El Perú necesita de Fátima Los buenos serán martirizados, el Santo Padre tendrá mucho que sufrir, varias naciones serán aniquiladas; por fin, mi Inmaculado Corazón triunfará.
CampañasTienda VirtualTesoros de la FeDonaciones


AbcAbcAbc

Domingo de Ramos


Plinio Corrêa de Oliveira


Un defecto que disminuye frecuentemente la eficacia de las meditaciones que hacemos, consiste en meditar los hechos de la vida de Nuestro Señor sin hacer ninguna aplicación a lo que sucede en nosotros o a nuestro alrededor. Así, nos sorprende la versatilidad e ingratitud de los judíos, ya que éstos, después de proclamar con la más solemne recepción el reconocimiento que debían al Salvador, poco después lo crucifican con un odio que a muchos llega a parecer inexplicable.

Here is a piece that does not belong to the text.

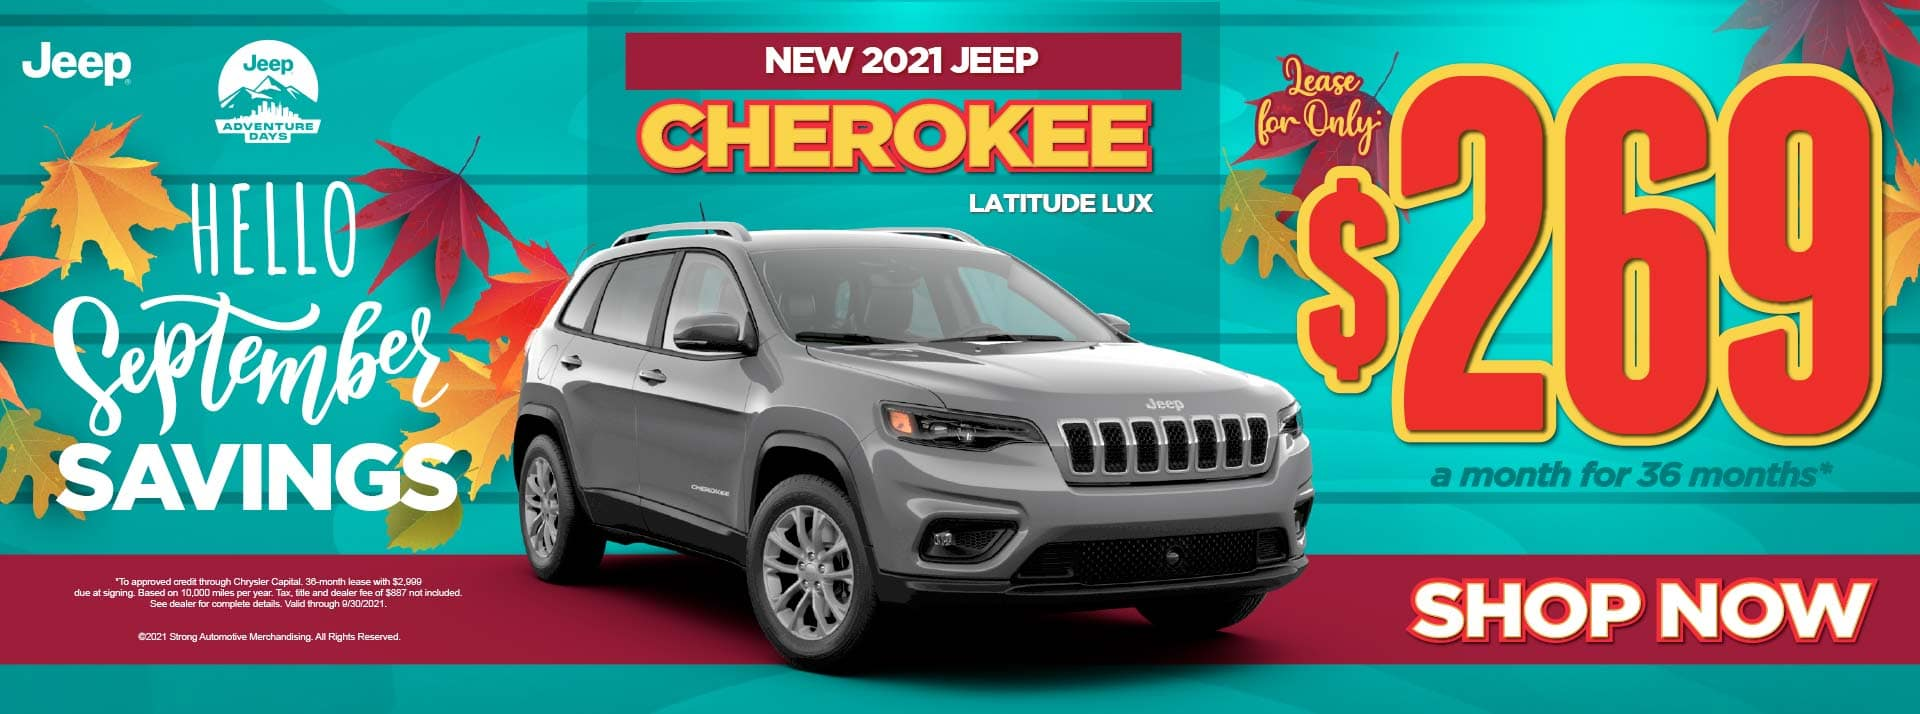 New 2021 Jeep Cherokee Latitude Lux - $269 / mo ACT NOW

Entrada en Jerusalén, GIOTTO di Bondone, 1304-06 — Capilla Scrovegni, Padua

Sin embargo, esa ingratitud y esa versatilidad no existieron solamente en los judíos de los tiempos de la existencia terrena de Nuestro Señor. Aún hoy, ¡en el corazón de cuántos fieles tiene Nuestro Señor que soportar esas alternativas de adoraciones y de vituperios! Y esto no sucede únicamente en la intimidad, en general inescrutable, de las conciencias. ¿En cuántos países, Nuestro Señor ha sido sucesivamente glorificado y ultrajado, en cortos intervalos de tiempo?

No empleemos nuestro tiempo exclusivamente en horrorizarnos delante de la perfidia del pueblo deicida. Para nuestra salvación nos será utilísimo reflexionar sobre nuestra propia perfidia. Puestos los ojos en la bondad de Dios, podremos así, conseguir la enmienda de nuestra vida.

*     *     *

Nadie ignora que el pecado es un ultraje hecho a Dios. Quien peca mortalmente expulsa a Dios de su corazón, rompe con Él las relaciones filiales que le debemos como criaturas, y repudia la gracia.

Así, hay una marcada analogía entre el gesto de los judíos, matando al Redentor, y nuestra situación cuando caemos en pecado mortal.

En efecto, ¡cuántas y cuántas veces, después de haber glorificado a Nuestro Señor ardientemente, por nuestros actos o al menos después de haber tomado con los labios aires de quien lo glorifica, caemos en pecado y lo crucificamos en nuestro corazón!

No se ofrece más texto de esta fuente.